Copy out the listing that follows, exactly, without its pictures.

==== Input data

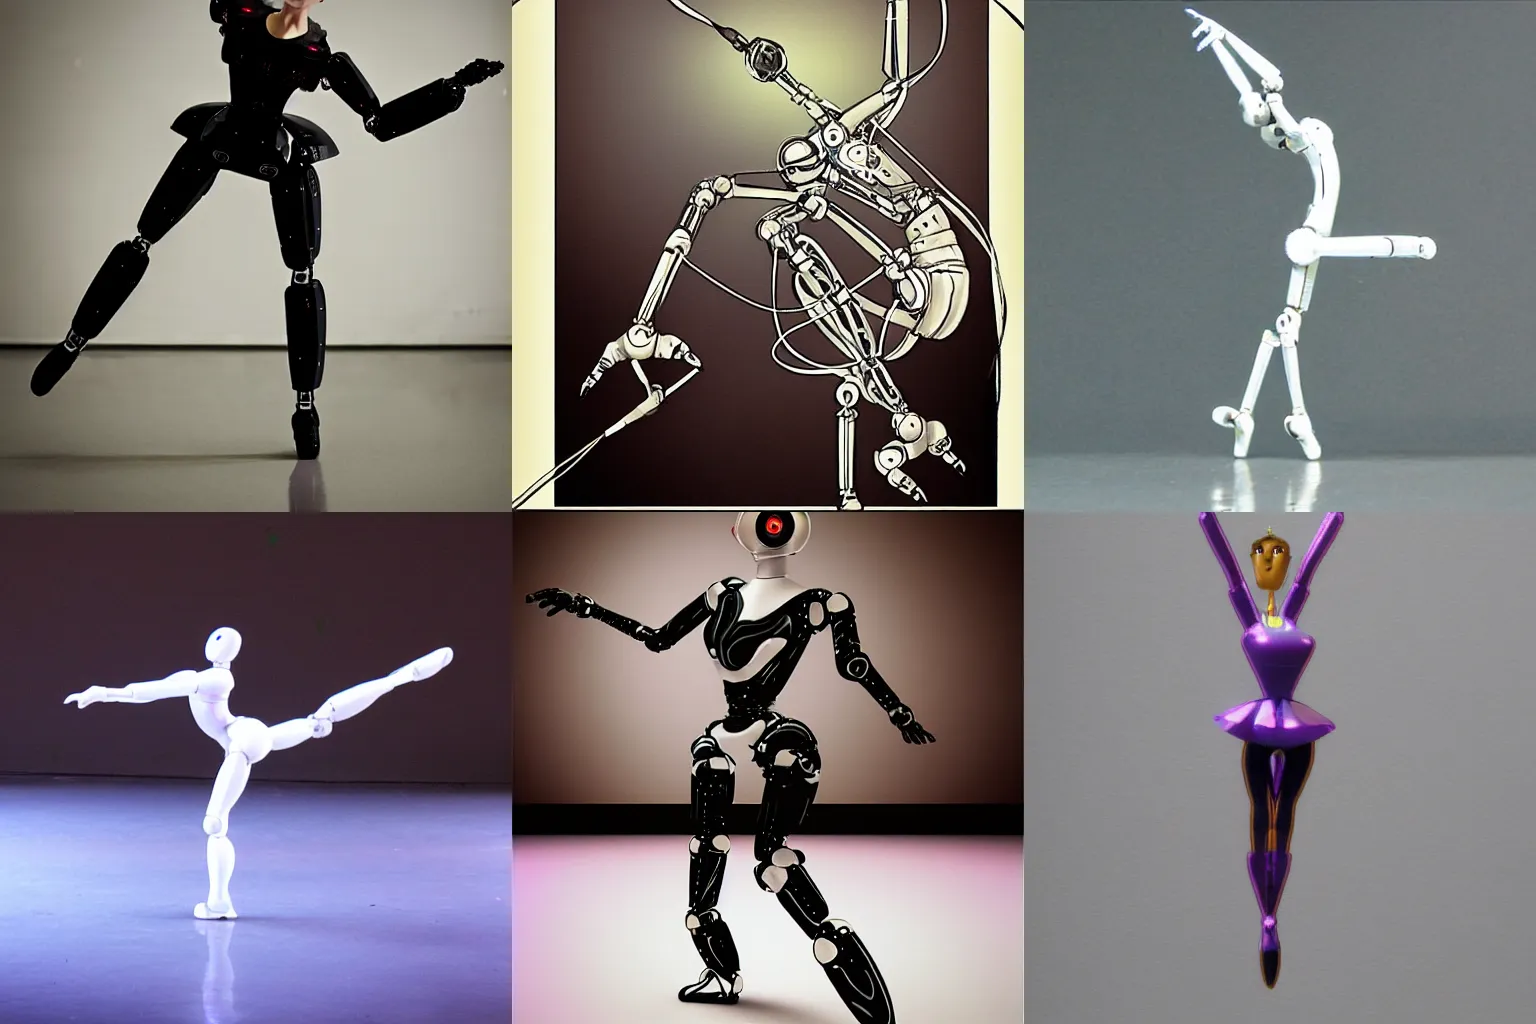 Prompt: robotic ballet dancer, scifi
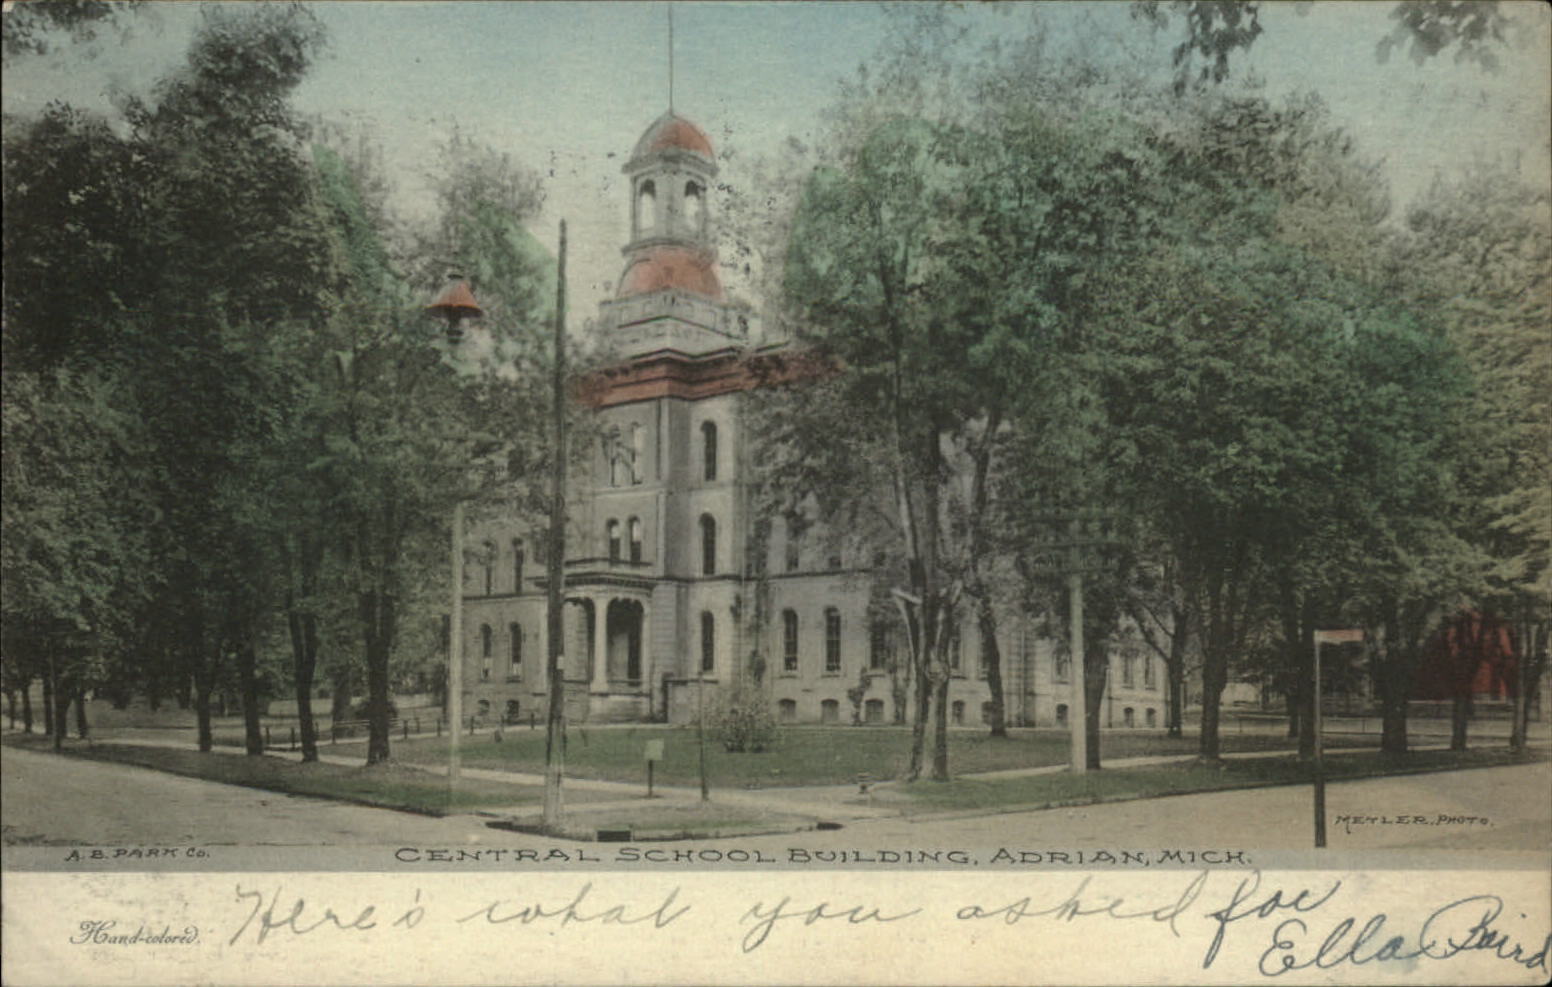 Adrian Michigan Central School Building hand colored 1907 postcard Camden NJ
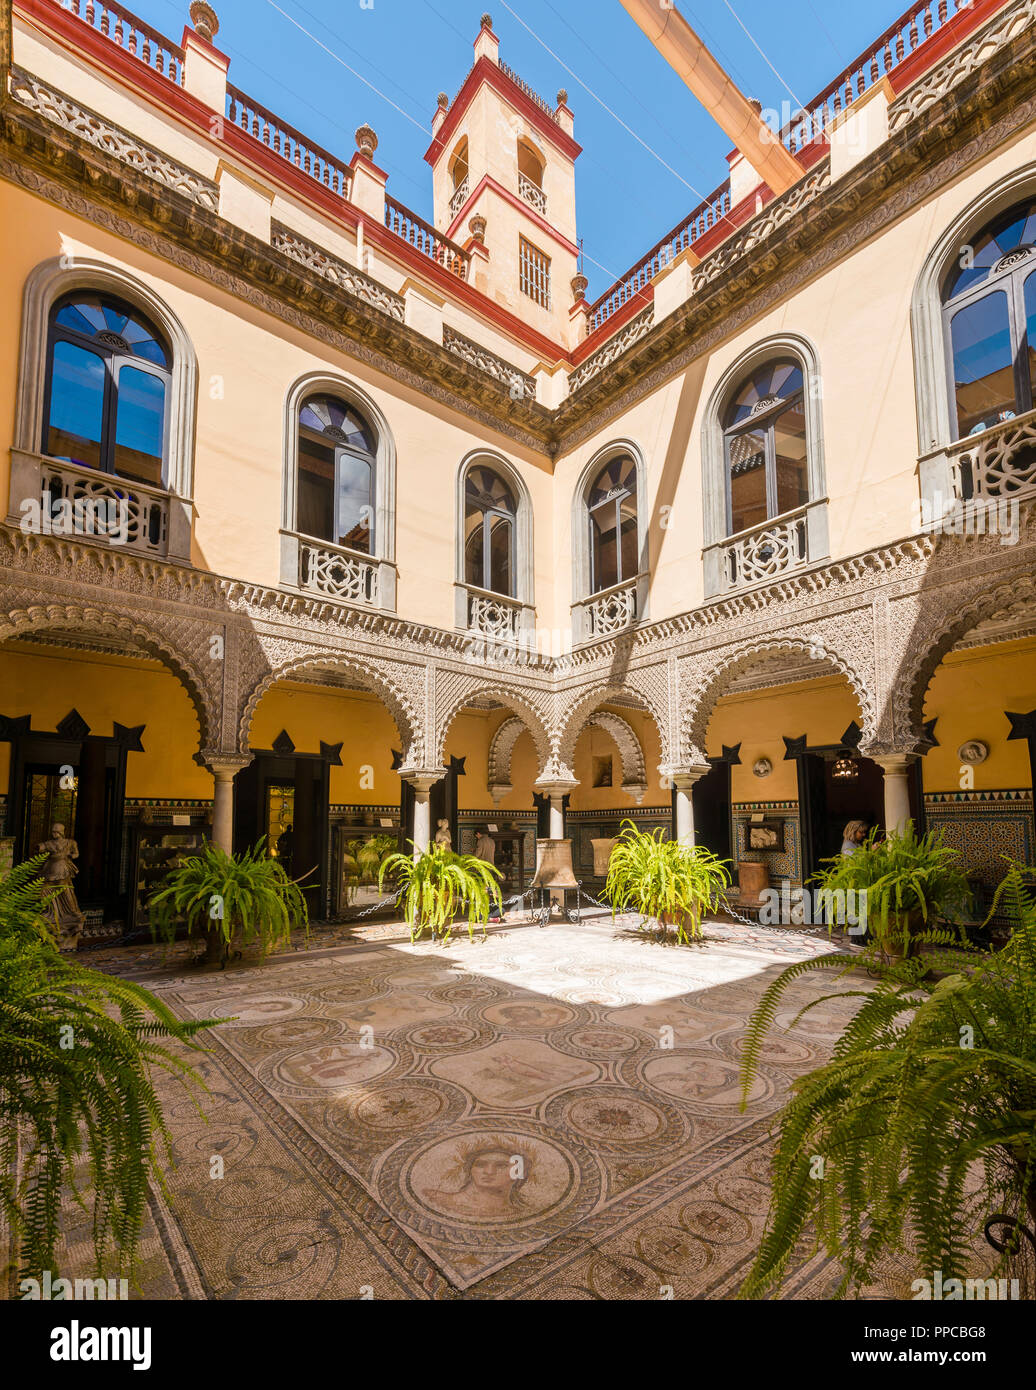 16th century palace, Moorish architecture, courtyard decorated with Roman mosaic, sculptures., Palacio de la Condesa de Lebrija Stock Photo
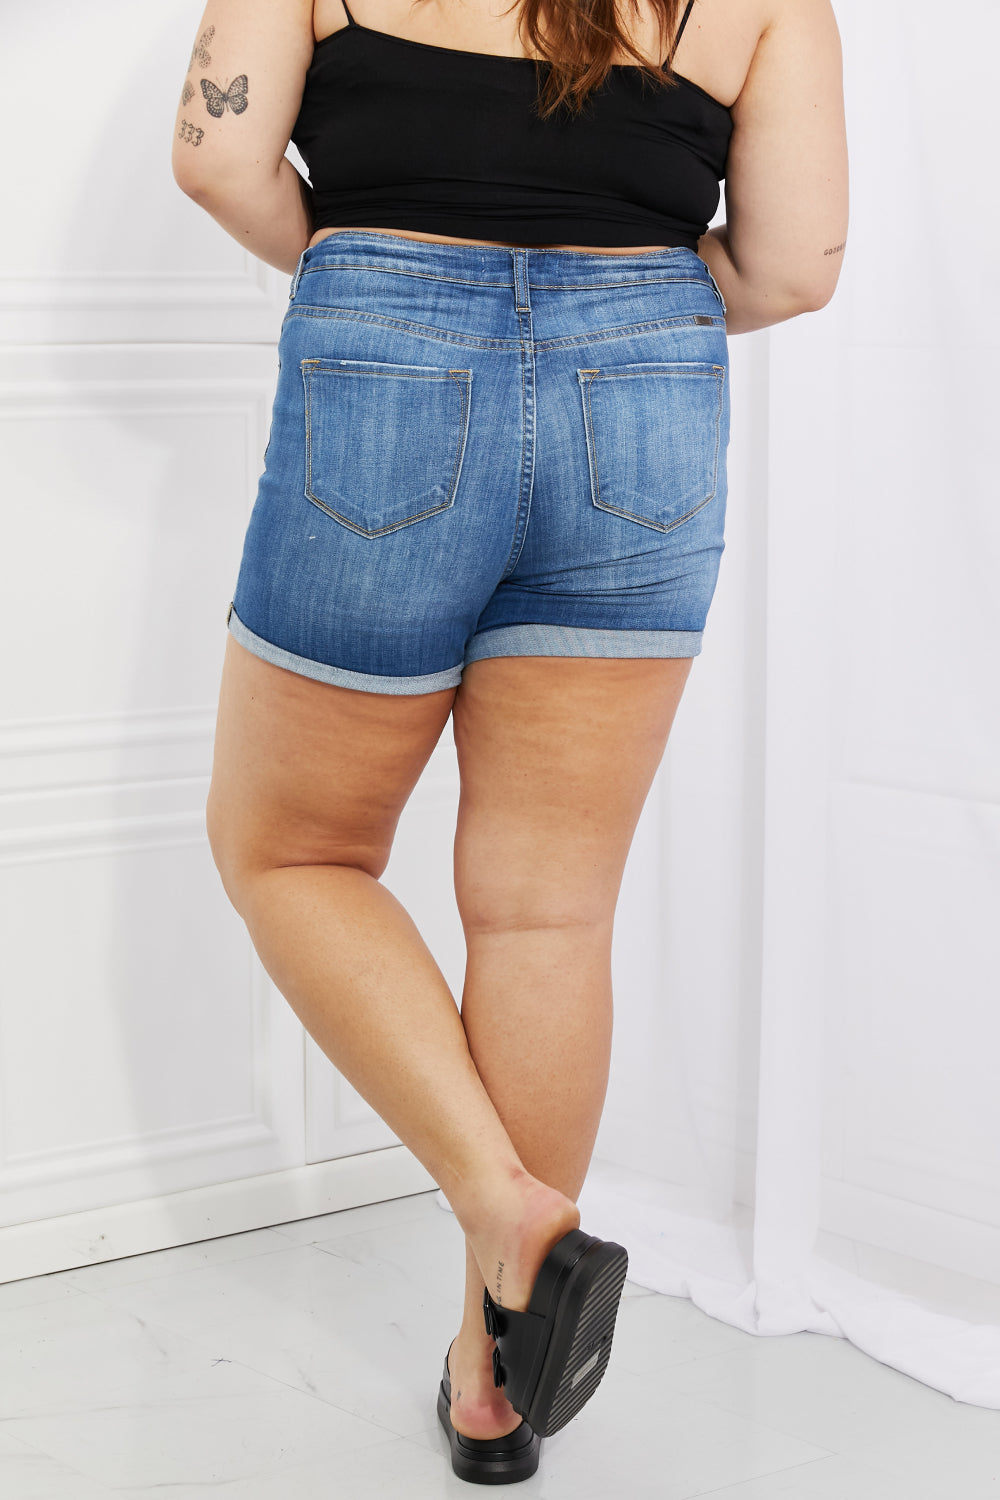 Kancan Full Size High Rise Medium Stone Wash Denim Shorts - The Beauty Alley Boutique Inc

========

Your solution.
 Prompt: robotic ballet dancer, scifi
 Adrian Michigan Central School Building hand colored 1907 postcard Camden NJ
 16th century palace, Moorish architecture, courtyard decorated with Roman mosaic, sculptures., Palacio de la Condesa de Lebrija Stock Photo
 Kancan Full Size High Rise Medium Stone Wash Denim Shorts - The Beauty Alley Boutique Inc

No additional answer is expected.